憲法を生かす―――1
憲法改正の手続きを定めた国民投票法の施行が来年五月に迫っている。一年たてば、国会は憲法の見直し案を国民に示すことができるようになる。
この法律が決まったのは安倍晋三政権のときだった。安倍氏は「美しい国」路線を掲げて改憲路線を突き進んだ。体調を崩して退陣していなければ、改憲に本気で挑戦したかもしれない。
福田康夫政権への移行で政界の改憲熱は急速にさめた。福田氏の場合、支持率低迷でそれどころでなかったのが正直なところだろう。今のところ麻生太郎首相にも熱意は感じ取れない。投票法に基づいて国会に設けられた憲法審査会はまったく動いていない。
改憲へ水位は高い
とはいえ、投票法が一年後に施行される意味は重い。
自民党は結党以来「自主憲法制定」を掲げ続けている政党である。民主党の中にも改正に前向きの政治家は多い。
今年は総選挙の年だ。政界再編などをきっかけに、憲法の見直し問題が動き出す可能性がある。
「水面は穏やかでも(改憲)水位はかなり上がっている」
私たちは一年前、憲法記念日に合わせた社説でこう書いた。見方は今も変わらない。
この一年の間にも、憲法にかかわる問題が噴出し続けた。「ワーキングプア」と呼ばれる低所得者層が、憲法に保障する生存権の実質を問い掛けている。
政府はソマリア沖の海賊への対処を掲げて、自衛隊の海外での活動領域をもう一歩広げた。知る権利、表現の自由を脅かす出来事も後を絶たない。
政治が心もとない
憲法論議を間違いのない方向へ導く第一の責任は政治にある。改正を発議する権限は国会に与えられているからだ。
困ったことに今の政治は、憲法問題を国民に問い掛けるには、いかにも心もとない。
とりわけ麻生首相である。「政局より景気対策」。こう言って衆院解散を先送りしてきた。言い換えれば、国民が主権者として意思表示をする機会を奪ってきた。
一方で、定額給付金、新テロ対策特別措置法などで、「三分の二再可決」を連発した。
衆院の議決が違ったときは、衆院は三分の二以上の賛成で再可決できる―。憲法五九条にはそんな意味のことが書いてある。
しかし再可決が国民に受け入れられるには、満たすべき条件があるはずだ。衆院が国民の意思を反映していることである。今はそこに疑問が生じている。

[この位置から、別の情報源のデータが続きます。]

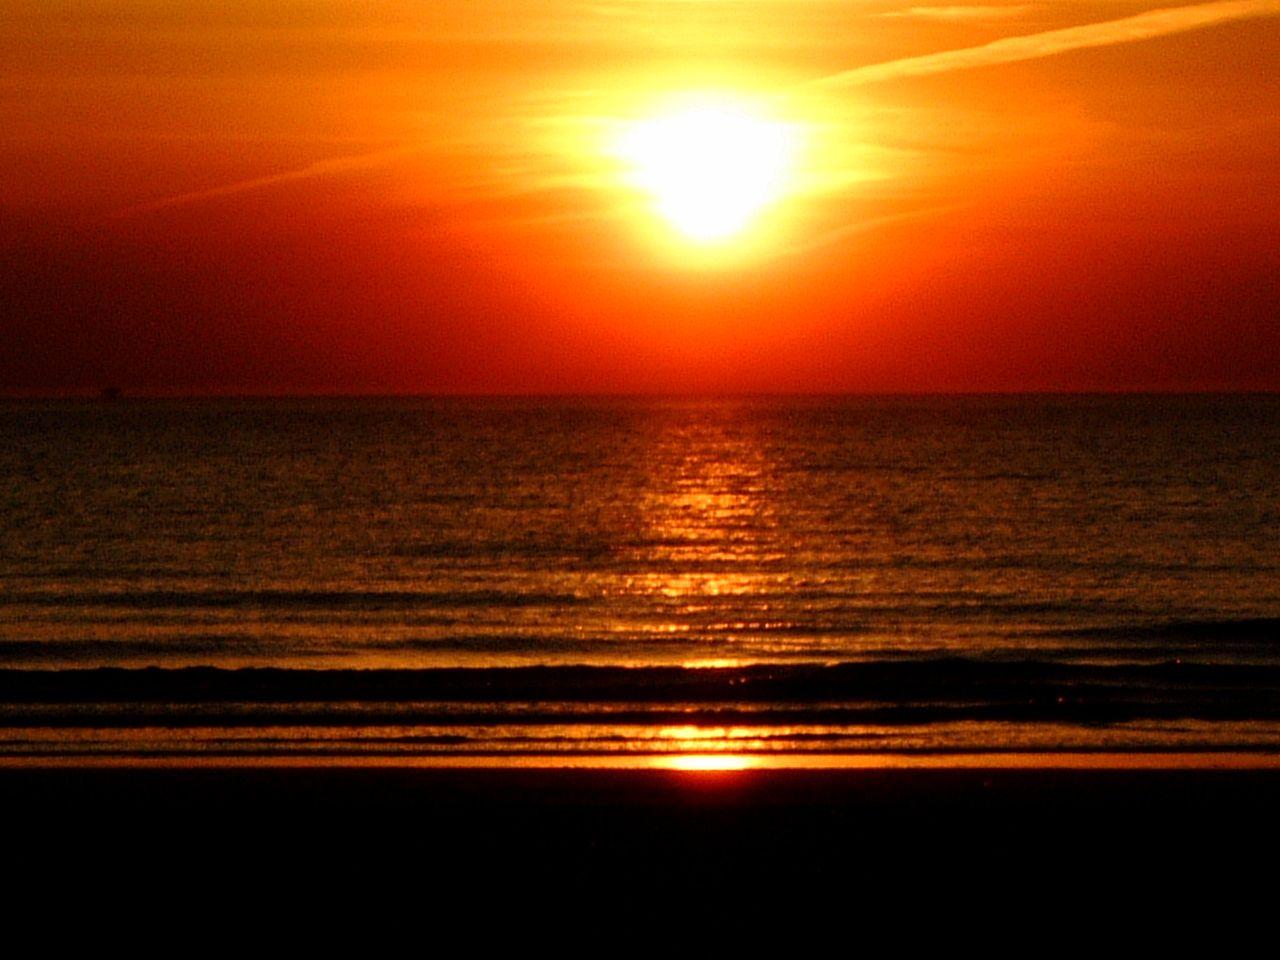 Pretty Beautiful Sunsets Seascapes Water Sea Beachscapes Beach Sunset Sunrise Dusk Dawn Sun Sunset Landscape Sunrise Sunset Seascape

前回の総選挙は二〇〇五年秋に行われた。四年近くも前の選挙結果を頼みに三分の二再可決を繰り返す麻生首相の姿勢は、国民主権の原則に照らし問題を残す。
加えて「解散権」発言である。「解散の時期は首相、麻生太郎が判断する」。首相はことあるごとに力説する。
憲法のどこを開いてもそんな規定はない。天皇の国事行為としての衆院解散と、内閣による天皇への助言規定があるだけだ。
首相が衆院を自分の都合に合わせて解散することに異議を唱える声は、憲法学会や政治家の間にも少なくない。解散発言は本来、慎むべきなのだ。
そもそも憲法についての政治家の基本認識に問題がある。例えば自民党の新憲法草案には「国や社会を・・・自ら支える責務」が盛り込まれている。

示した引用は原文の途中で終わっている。